Dopiero potem uświadomiłam sobie, jakie głupstwo zrobiłam. Trochę mnie poniosło. Ale strażnicy mnie zgubili, gdy skręcałam w pobliską uliczkę. Stałam teraz tak na korytarzu, zła. I tak poprostu stałam. Było tu pusto, byłam sama. Postanowiłam pokazać temu Foldarowi, i tym wszystkim okropnym... Więc płacząc poszłam gdziekolwiek. Uznałam, że i tak nie mam nic już do stracenia. A informatora zawsze mogą znaleźć sobie innego. Szłam wijącym się korytarzem, na którego ścianach były pochodnie. Nagle usłyszałam głosy.

—Jak myślisz?—powiedział jeden.—Co z nią zrobi? Gdy oczywiście ją znajdzie— dodał. Nadstawiłam ucha.

—Nie mam pojęcia— odpowiedział drugi. Chwilę po tym uświadomiłam sobie, że to o mnie mówią. Nadstawiłam ucha, stojąc za lekkim zakrętem.
—Może ją powiesi?

—Nie, przecież jest mu potrzebna. Nie zrobiłby tego. Nie może.

Co?

—Ale wiesz... On jest nieobliczalny—i ten pierwszy przerwał, stając nagle na baczność co powtórzył i ten drugi. Drzwi których bronili otworzyły się.

—Idziecie ze mną—odpowiedział im głęboki, męski głos głos. Zrozumiałam, że muszę się schować albo uciec, ponieważ szli w moją stronę. Otuliłam się płaszczem i zacisnęłam szczęki w oczekiwaniu na krzyk. Ale to się nie stało. Zamiast tego odeszli, nie zauważając mnie. Rozważałam wejście tam, ale musiałam myśleć szybko. Po chwili zdecydowałam, co zrobię. Drzwi natomiast zostały otwarte, ale powoli się zamykały. Szybko wślizgnęłam się do środka.

Miałam kilka opcji, co mogłam po tym zrobić.
Jedna z nich była taka, ze mogłam wyjść z tego pokoju i uciekać, inna ze mogłam tu zostać i trochę poszperać w tym pokoju, a jeszcze inne, że mogłam dać się im złapać albo  przejść do „mojego świata", ale... Teraz już nie miałam do czego tam wracać.

Tak naprawdę, to nie miałam już nikogo. Moja mama umarła (Will mi tak powiedział), a  Halt, Will, i inni...

Gdy tak nad tym rozmyślałam, to doszłam do wniosku, że pewnie uda im się z tąd uciec, a mnie zostawią tu samą. Opuszczą. Porzucą...

Chociaż w głębi duszy może i wiedziałam, że tak się nie stanie, to coś mówiło mi, że na pewno tak będzie. Bo przecież po co im jakaś nastolatka, która jest zupełnie taka, jak inni?
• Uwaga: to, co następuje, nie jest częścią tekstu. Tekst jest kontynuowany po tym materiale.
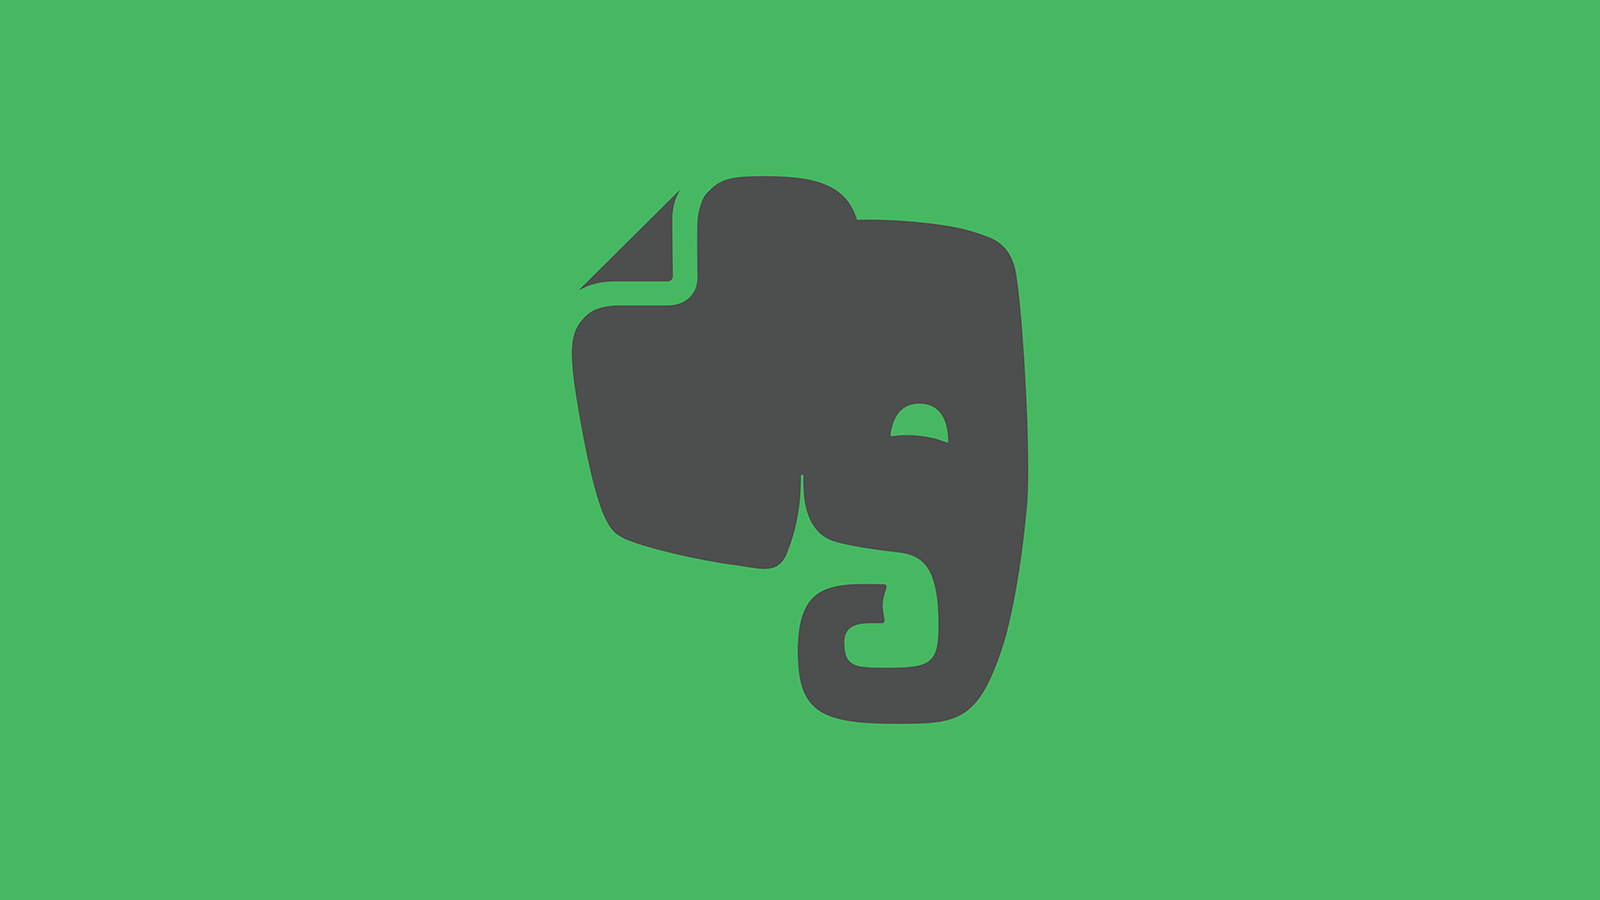 Evernote Logo - Turning an Elephant

Ale te rozmyślania nad tym musiałam przerwać, ponieważ klamka od drzwi poruszyła się i zrozumiałam, że muszę jak najszybciej się schować. Pośpiesznie weszłam do pierwszej lepszej szafy, i zatrzasnęłam za sobą drzwi.

Tak naprawdę, to gdy znalazłam się w tym pomieszczeniu nawet się nie rozejrzałam, bo byłam zbyt pochłonięta rozmyślaniami nad przyszłością.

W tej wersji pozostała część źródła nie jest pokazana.